San Sebastian was an early Christian who was believed to have been martyred during the persecution of the Christians by the Roman emperor. He is a patron saint of archers and athletes and of those who desire a saintly death. He was also known as a protector from the bubonic plague. His death was on January 20.
There are many celebrations throughout Spain and elsewhere that remember San Sebastian. Here are just a few from Spain.
Tamborrada – San Sebastian
January 20 is San Sebastian Day, and the long-awaited celebrations took place from midnight on January 19 until midnight on January 20.
After a two-year absence due to the corona pandemic, the Plaza de la Constitucion in San Sebastian was vibrating once again with the sound of the drums of the Tamborrada.
The last such celebration took place just a few weeks prior to the lockdown due to the coronavirus pandemic.
As with all traditions, the origins can be blurred. In this case, legend has it that in 1720, a baker was collecting water from a fountain during a drought. As he was doing so, he was singing. The local women around him started beating on their water basins as he sang. To his surprise, the water kept on flowing.
This year, over 20,000 adults, and almost 5,000 children took part in the fiesta. Some dressed as soldiers and others dressed as bakers.
When the clock struck midnight on the 19th, and Mayor, Eneko Goia raised the blue and white flag, it signalled the beginning of the 24-hour celebration of San Sebastian Day.

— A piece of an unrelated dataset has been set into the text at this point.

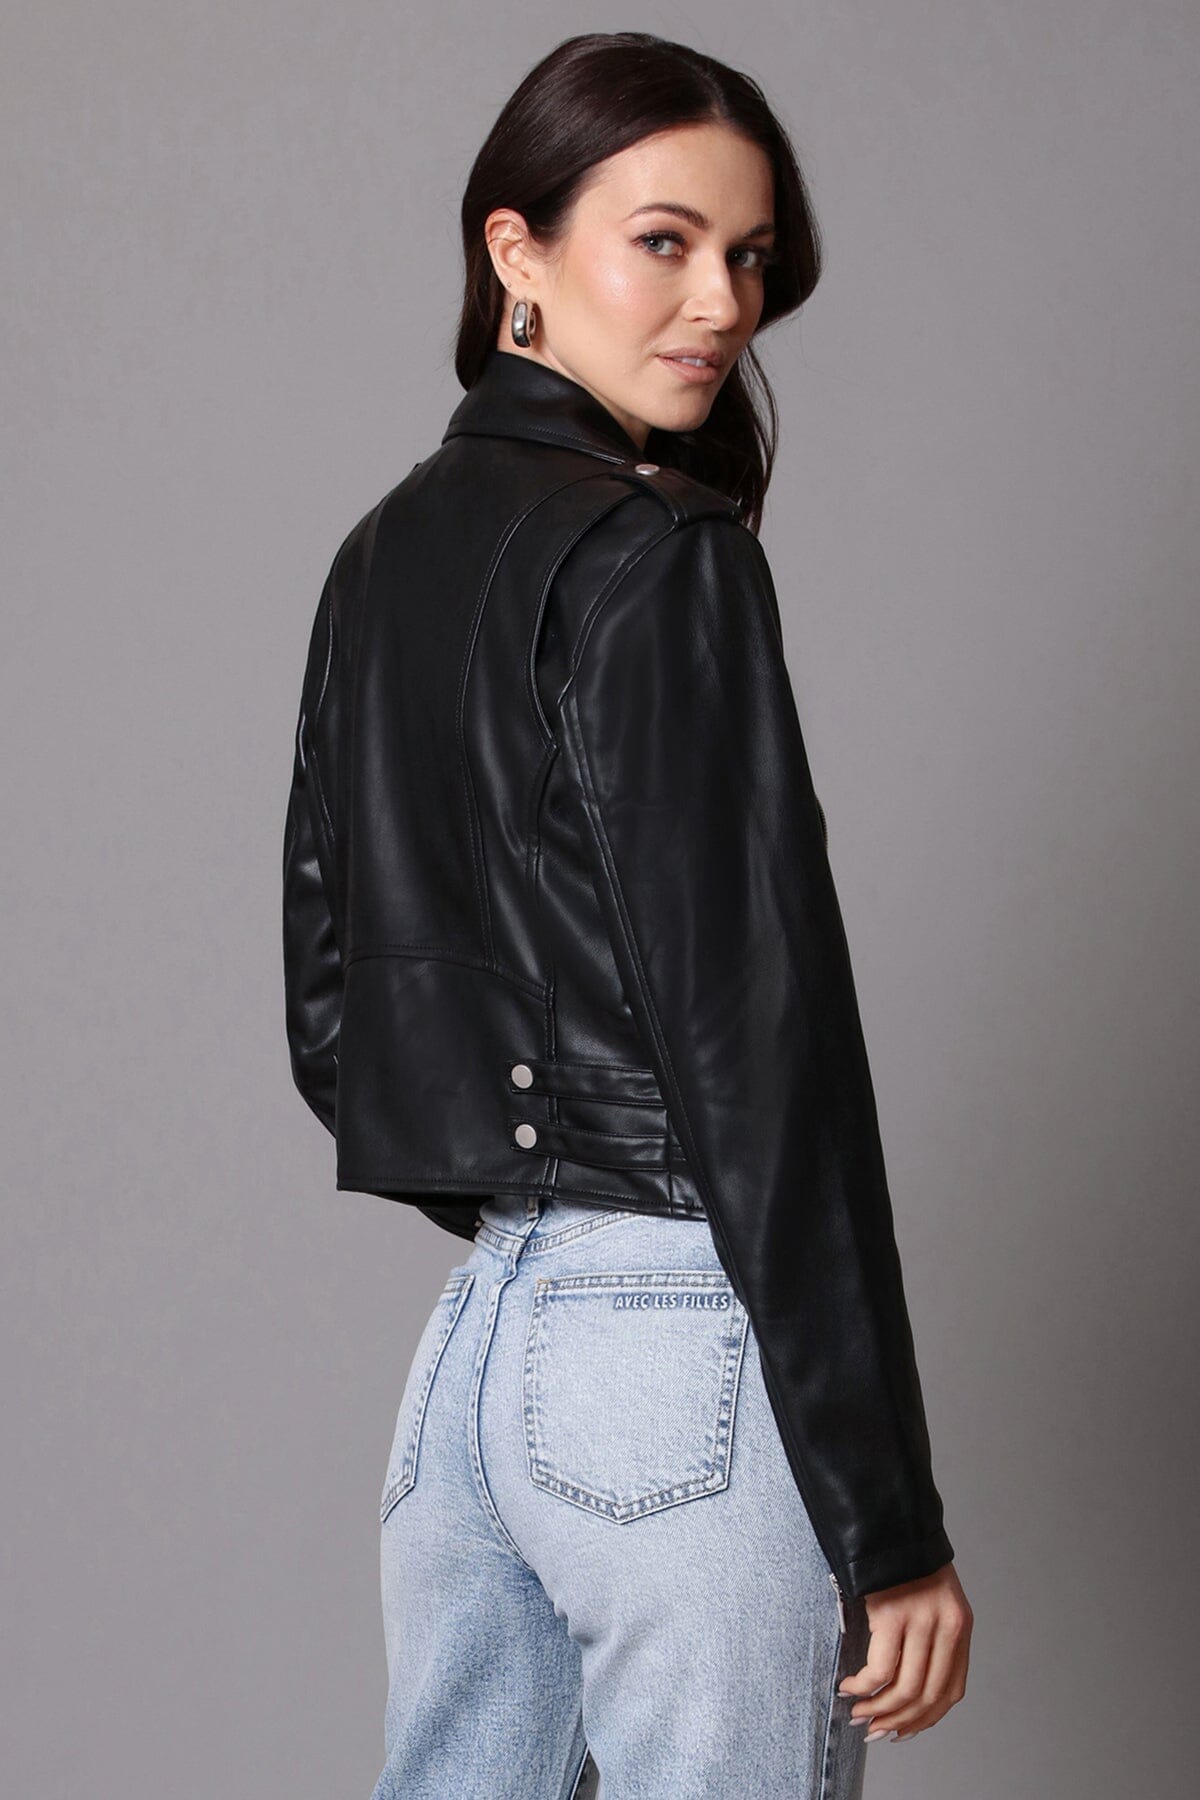 faux ever leather classic biker jacket black - women's figure flattering designer fashion day to night jackets

The drumming then began with the members of Gaztelubide ready and lined up along with representatives of other drum outfits. The sounds of the ‘San Sebastián March’ could be heard everywhere.
The fantastic atmosphere and the drumming continued for the 24 hours throughout San Sebastian
During the morning, the Children’s Tamborrada parades were also in full swing. Around fifty children’s companies from various schools in San Sebastián were involved.
At the end of the day, at midnight, the flag was be lowered in the Plaza de la Constitución, and the festivities have now ended until next year.
Jarramplas – Extremadura
As with the Tamborrada tradition in San Sebastian, this Day is celebrated as Jarramplas in the town of Piornal in the heart of Valle del Jerte, Extremadura.
One legend surrounding this tradition is that the Jarramplas was a cattle thief. When the villagers found out, they threw vegetables at him until he died.
Nowadays, each year at midnight on January 19 the mythical character wears a mask, and a colourful outfit with lots of ribbons and runs through the town as the spectators throw turnips at him.
During the celebration, the pride of the Jarramplas each year is how long he lasts before he gives up and falls to his knees.
However, at this point, the celebrations begin. The end of the fiesta is marked by a general invitation to eat migas, chorizo, cheese, wine etc at the house of the “mayordomo”. This is the person in charge of the organisation and expenses of the event.
This year, however, there were two such characters. Adolfo Cerro and Juan Antonio Prieto have waited 15 years to become Jarramplas. Furthermore, the waiting list is complete until 2048.
Around 30,000 turnips were thrown by the watching crowds as the Jarramplas ran through the town. At dawn, the Jarramplas kneeled in front of the cross as they beat their drums.
Guillermo Fernandez Vara, president of the Junta de Extremadura, the mayor of Piornal, and Blanca Martin, president of the Assembly of Extremadura were in attendance.
San Sebastian – Mallorca
As one of the biggest celebrations on the island, Mallorca celebrated San Sebastian with a full program of events from January 14 to 29.
This year, weather threatened to put a dampener on the big night on January 19. However, the decision was made to go ahead.
On this night, as the story goes, San Sebastian saved the city from the plague. When a bone from his arm came to Palma in 1524, it was thought to have brought an end to the plague that had taken over the city. The demons wielding fire through the streets were burning the plague from Palma,
The main festivities began when a fire breathing dragon “Drac de na Coca”, accompanied with a parade of drummers, lit the large bonfire in Plaça Major. Locals also ran through the narrow streets of the old town dressed as demons and setting off fireworks.
There were free concerts, and music in almost every square (plaza) throughout Palma. The crowds set up their own BBQs in the streets and enjoyed the music until the end of the night when there was a massive fireworks display.
The festivities and events continue here until January 29.